Copy each line of the listing below exactly and drop the images.

[Data excerpt Boundary: Start]

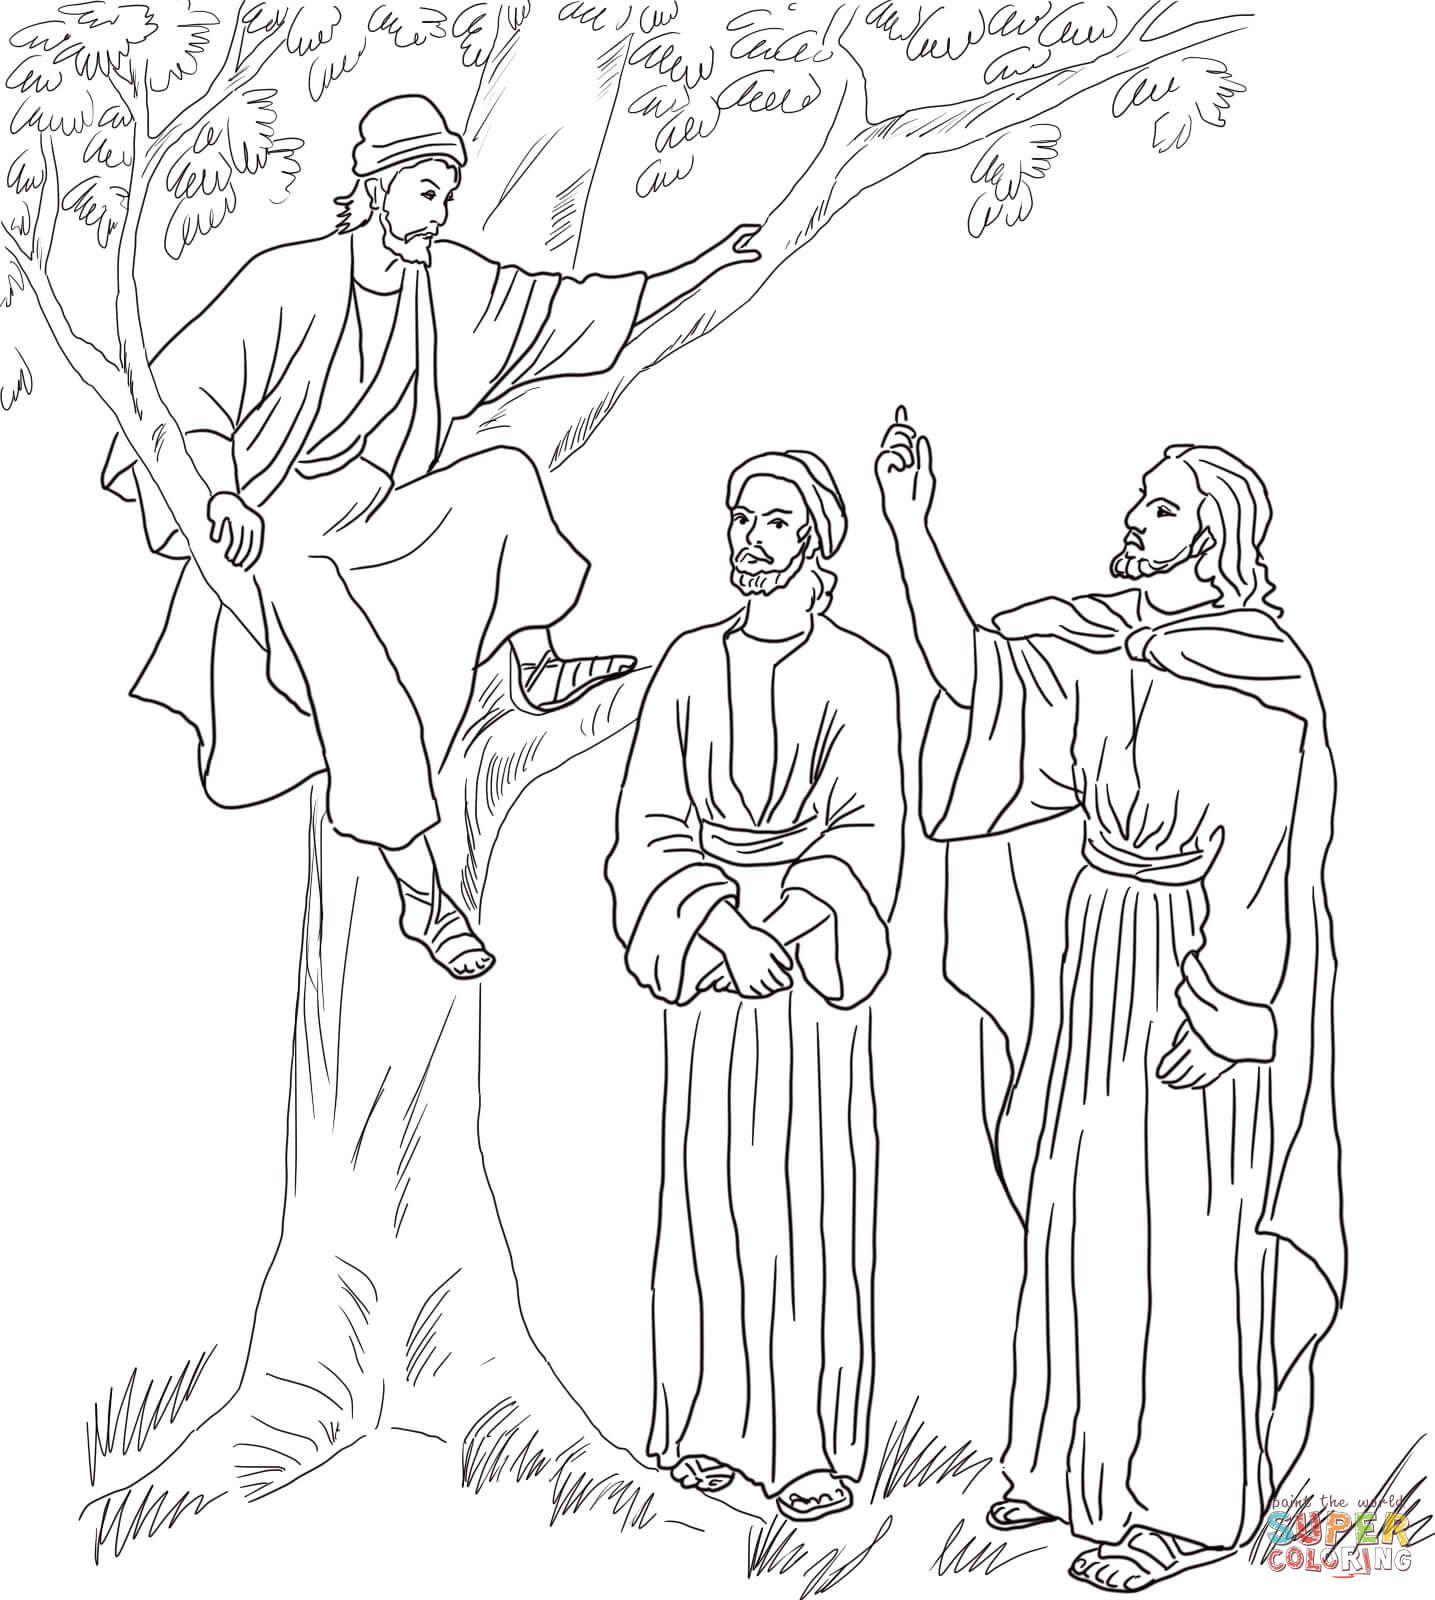 Jesus Meets Zacchaeus Coloring Page Jpg Obraz Jpeg 1435 1600 Pikseli Skala 57 Jesus Coloring Pages Bible Coloring Pages Bible Coloring [ 1600 x 1435 Pixel ]
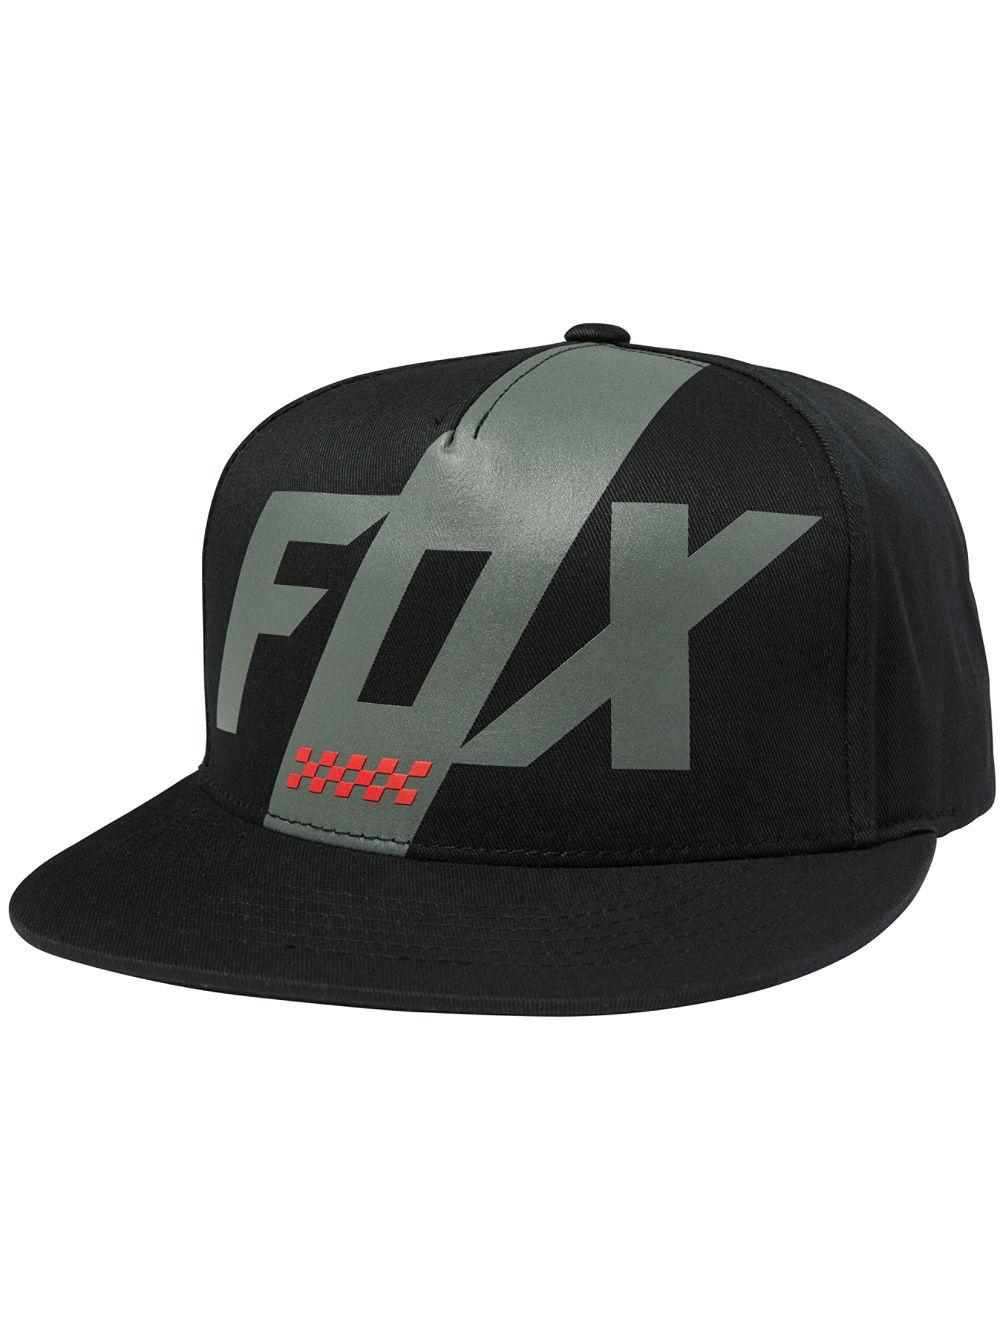 Compra Fox Scalene Snapback Gorra en línea en blue-tomato.com f03a113ea1e
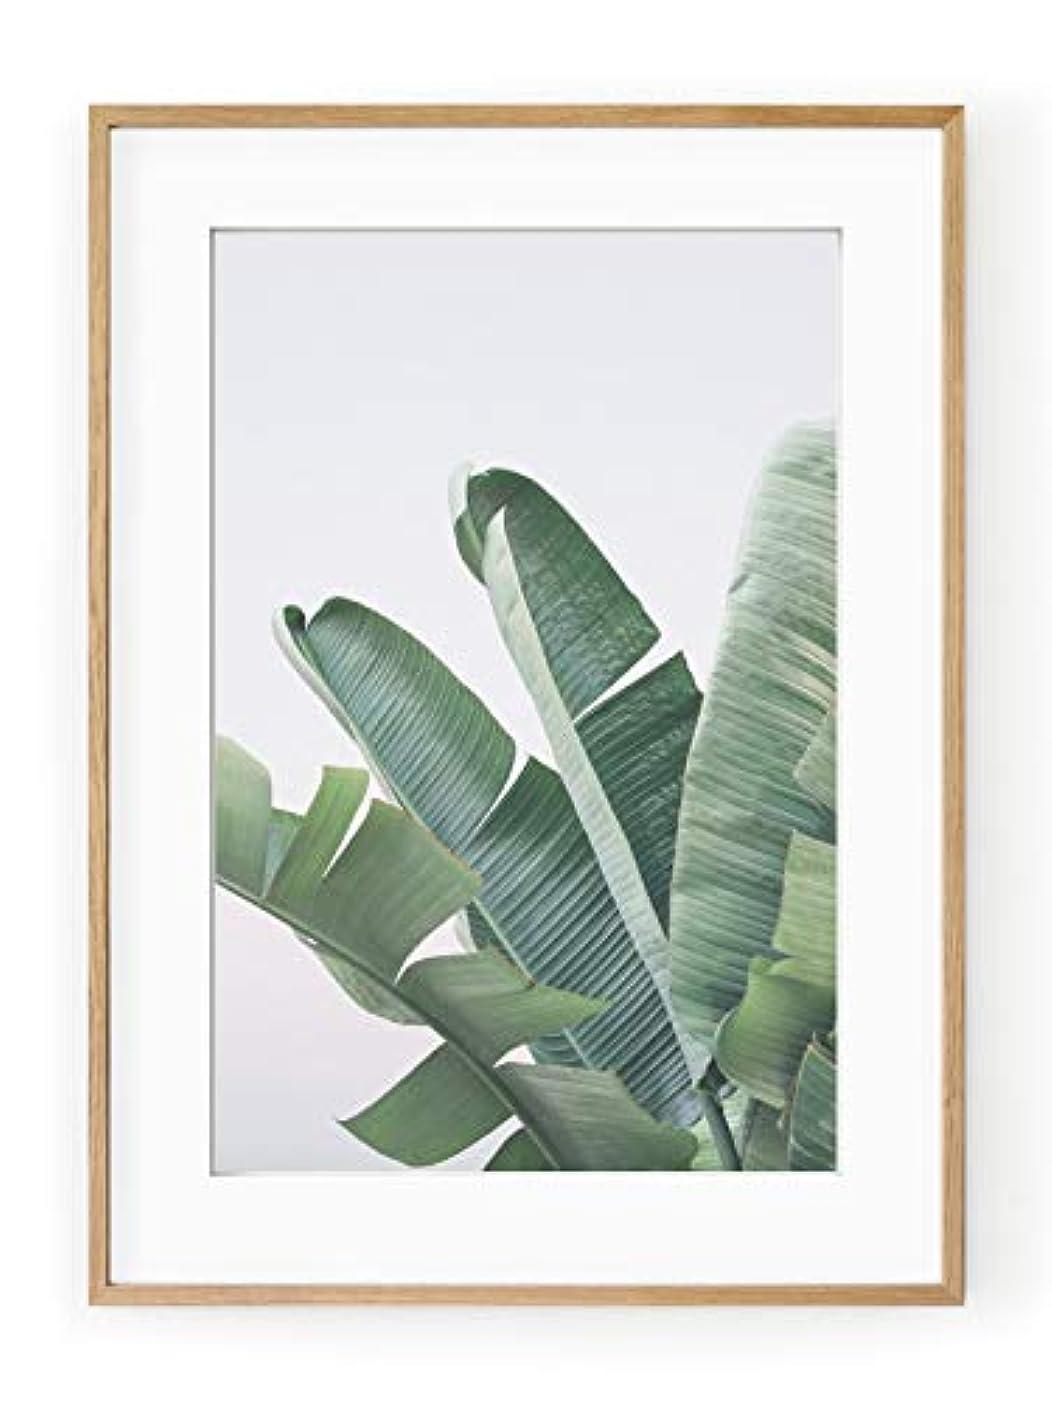 Banana Leaves Black Satin Aluminium Frame with Mount, Multicolored, 40x50

[Data excerpt Boundary: End]

-- Answer space --
 Jesus Meets Zacchaeus Coloring Page Jpg Obraz Jpeg 1435 1600 Pikseli Skala 57 Jesus Coloring Pages Bible Coloring Pages Bible Coloring [ 1600 x 1435 Pixel ]
 Compra Fox Scalene Snapback Gorra en línea en blue-tomato.com f03a113ea1e
 Banana Leaves Black Satin Aluminium Frame with Mount, Multicolored, 40x50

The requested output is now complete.